Dirty Damsels (DotComGirls Series Book 1) Read online




  Dirty Damsels

  DOTCOMGIRLS SERIES

  BOOK 1

  PEGGY JAEGER

  Dirty Damsels

  Copyright © 2019 by Peggy Jaeger.

  All rights reserved.

  First Print Edition: June 2019

  Limitless Publishing, LLC

  Kailua, HI 96734

  www.limitlesspublishing.com

  Formatting: Limitless Publishing, LLC

  ISBN-13: 978-1-64034-839-4

  ISBN-10: 1-64034-839-5

  No part of this book may be reproduced, scanned, or distributed in any printed or electronic form without permission. Please do not participate in or encourage piracy of copyrighted materials in violation of the author’s rights. Thank you for respecting the hard work of this author.

  This is a work of fiction.
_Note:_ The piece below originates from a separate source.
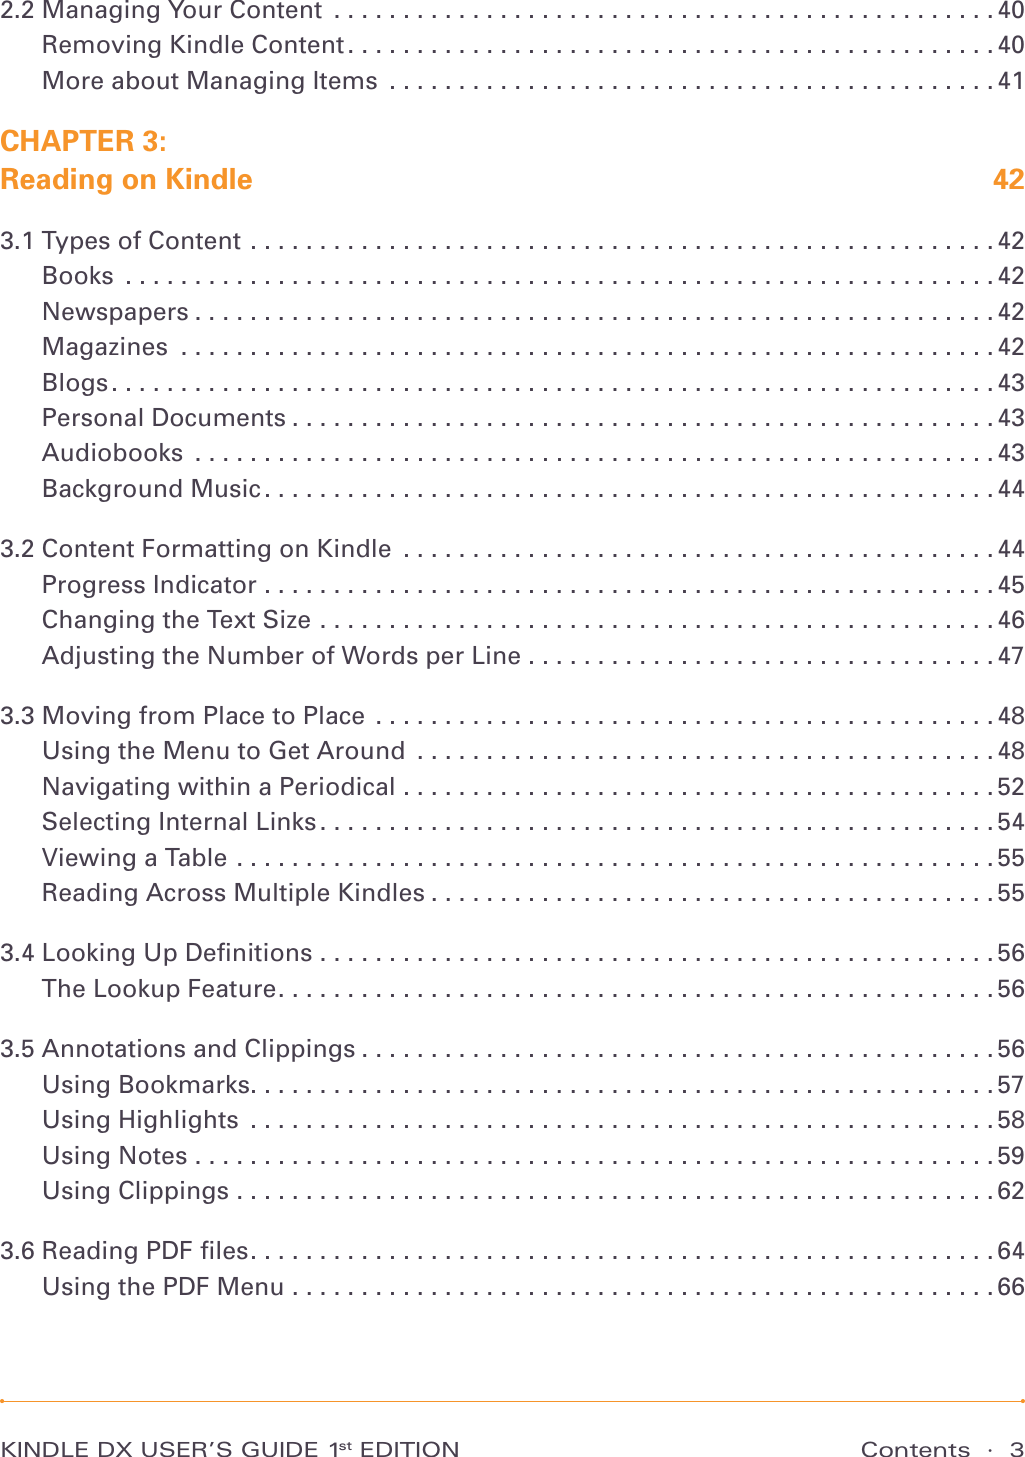 Contents  ·  3KINDLE DX USER’S GUIDE 1st EDITION2.2 Managing Your Content ................................................40Removing Kindle Content ...............................................40More about Managing Items ............................................41CHAPTER 3:  Reading on Kindle  423.1 Types of Content ......................................................42Books ...............................................................42Newspapers ..........................................................42Magazines ...........................................................42Blogs ................................................................43Personal Documents ...................................................43Audiobooks ..........................................................43Background Music .....................................................443.2 Content Formatting on Kindle ...........................................44Progress Indicator .....................................................45Changing the Text Size .................................................46Adjusting the Number of Words per Line . . . . . . . . . . . . . . . . . . . . . . . . . . . . . . . . . . 473.3 Moving from Place to Place .............................................48Using the Menu to Get Around ..........................................48Navigating within a Periodical ...........................................52Selecting Internal Links .................................................54Viewing a Table .......................................................55Reading Across Multiple Kindles .........................................553.4 Looking Up Deﬁnitions .................................................56The Lookup Feature ....................................................563.5 Annotations and Clippings ..............................................56Using Bookmarks ......................................................57Using Highlights  ......................................................58Using Notes ..........................................................59Using Clippings .......................................................623.6 Reading PDF ﬁles ......................................................64Using the PDF Menu ...................................................66

Names, characters, places, and incidents either are the product of the author’s imagination or are used fictitiously, and any resemblance to locales, events, business establishments, or actual persons—living or dead—is entirely coincidental.

  Dedication

  To everyone who believes in fairytales and happily ever afters. ~ Peg

  Table of Contents

  Chapter One

  Chapter Two

  Chapter Three

  Chapter Four

  Chapter Five

  Chapter Six

  Chapter Seven

  Chapter Eight

  Chapter Nine

  Chapter Ten

  Chapter Eleven

  Chapter Twelve

  Chapter Thirteen

  Chapter Fourteen

  Chapter One

  I punched the END CALL icon on my cell phone and cursed.
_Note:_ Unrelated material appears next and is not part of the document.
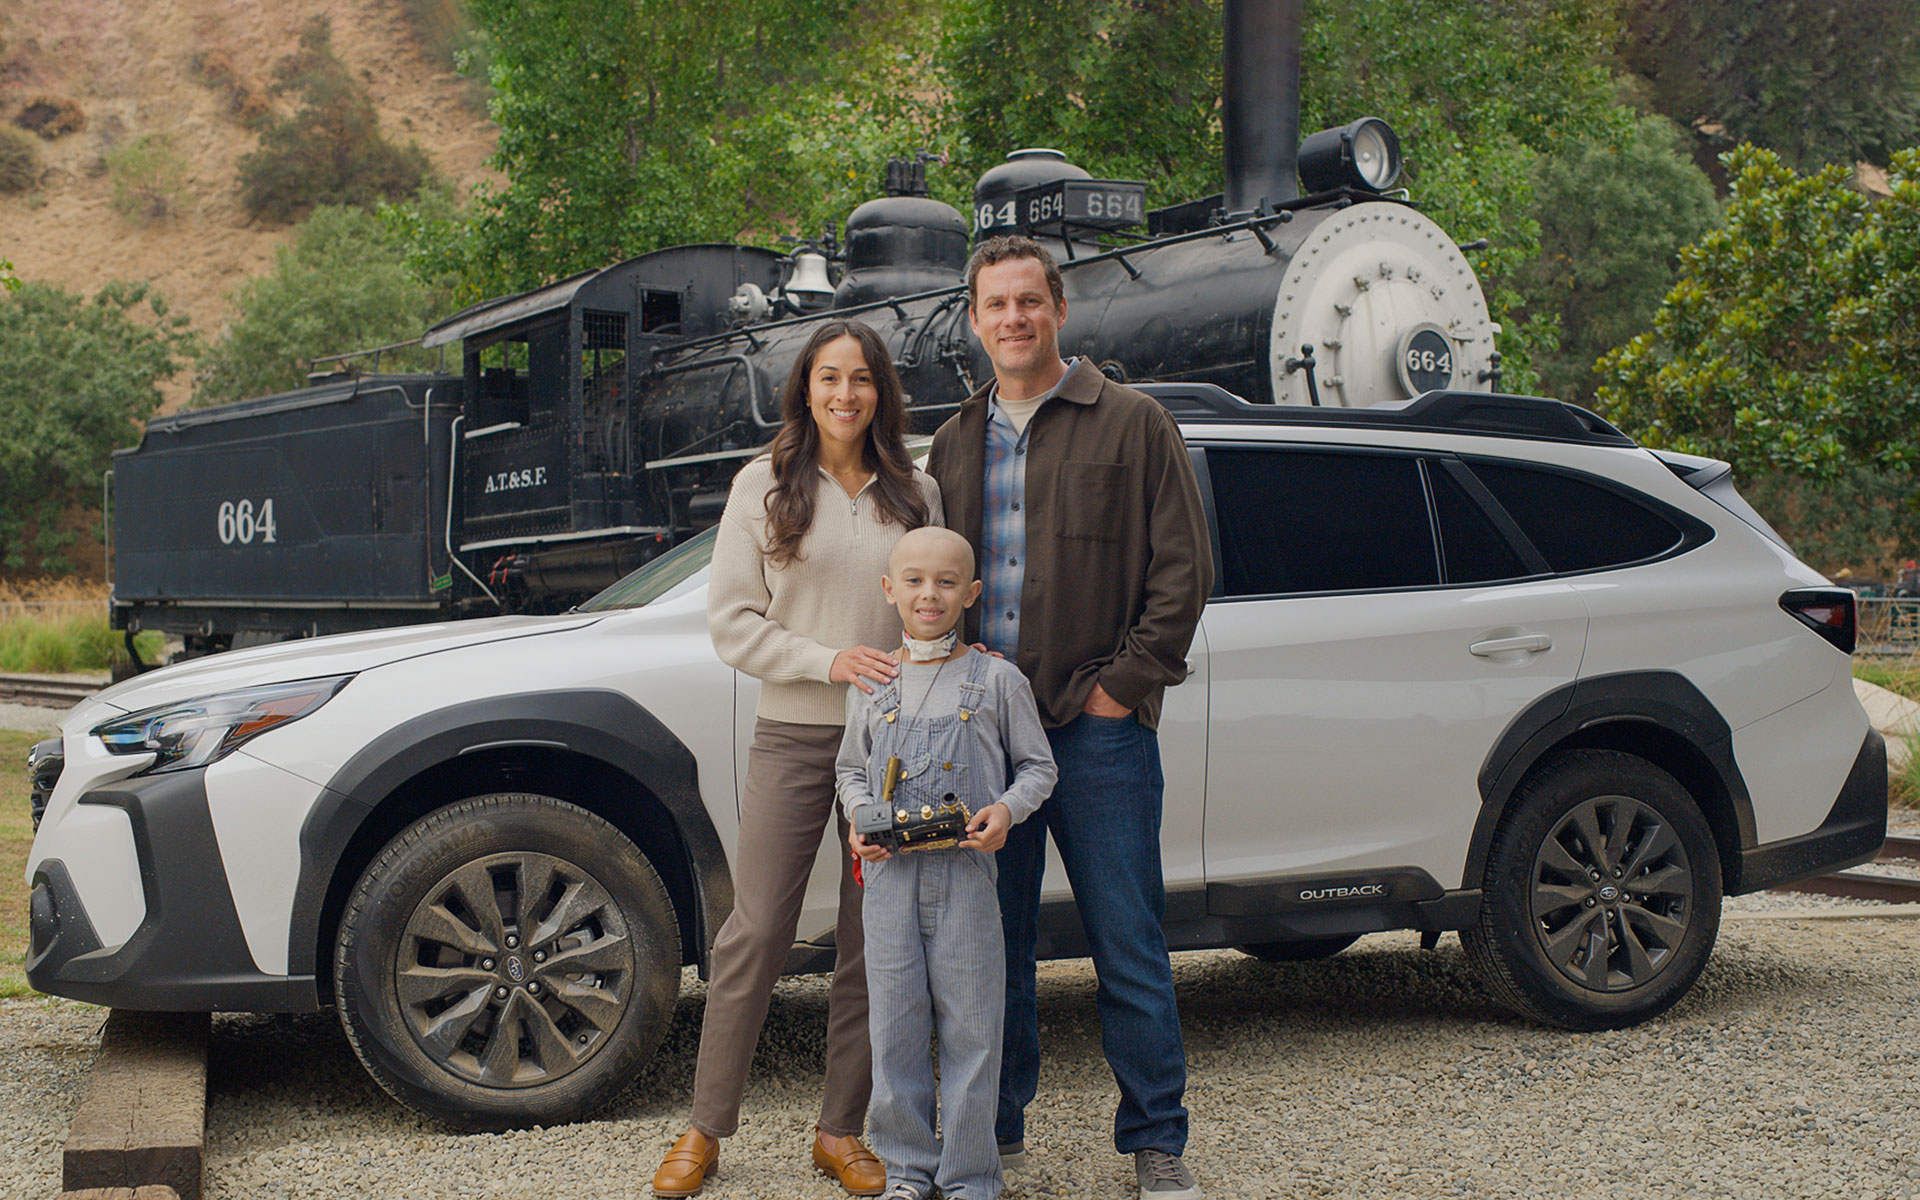 Boy holding toy train standing with parents in front of a Subaru Outback and train.

  “That’s the last name on the list.” With a sigh, I rubbed my eyes. “Everyone is busy. Not one single girl can take this.”

  What had begun as a bad day had instantly turned worse.

  The headache brewing before I’d left my condo pounded full force now behind my eyes. After selecting the wrong cup size on the Keurig, I was forced to clean up a coffee mess before my much-needed first caffeine shot of the day. My favorite blouse came back from the cleaners with a vitally placed button missing, and I didn’t realize it until I’d taken it out of the plastic wrapping. My cob-webbed pantry needed restocking, so my breakfast consisted of a small handful of dry, stale Cheerios before I bolted out the door.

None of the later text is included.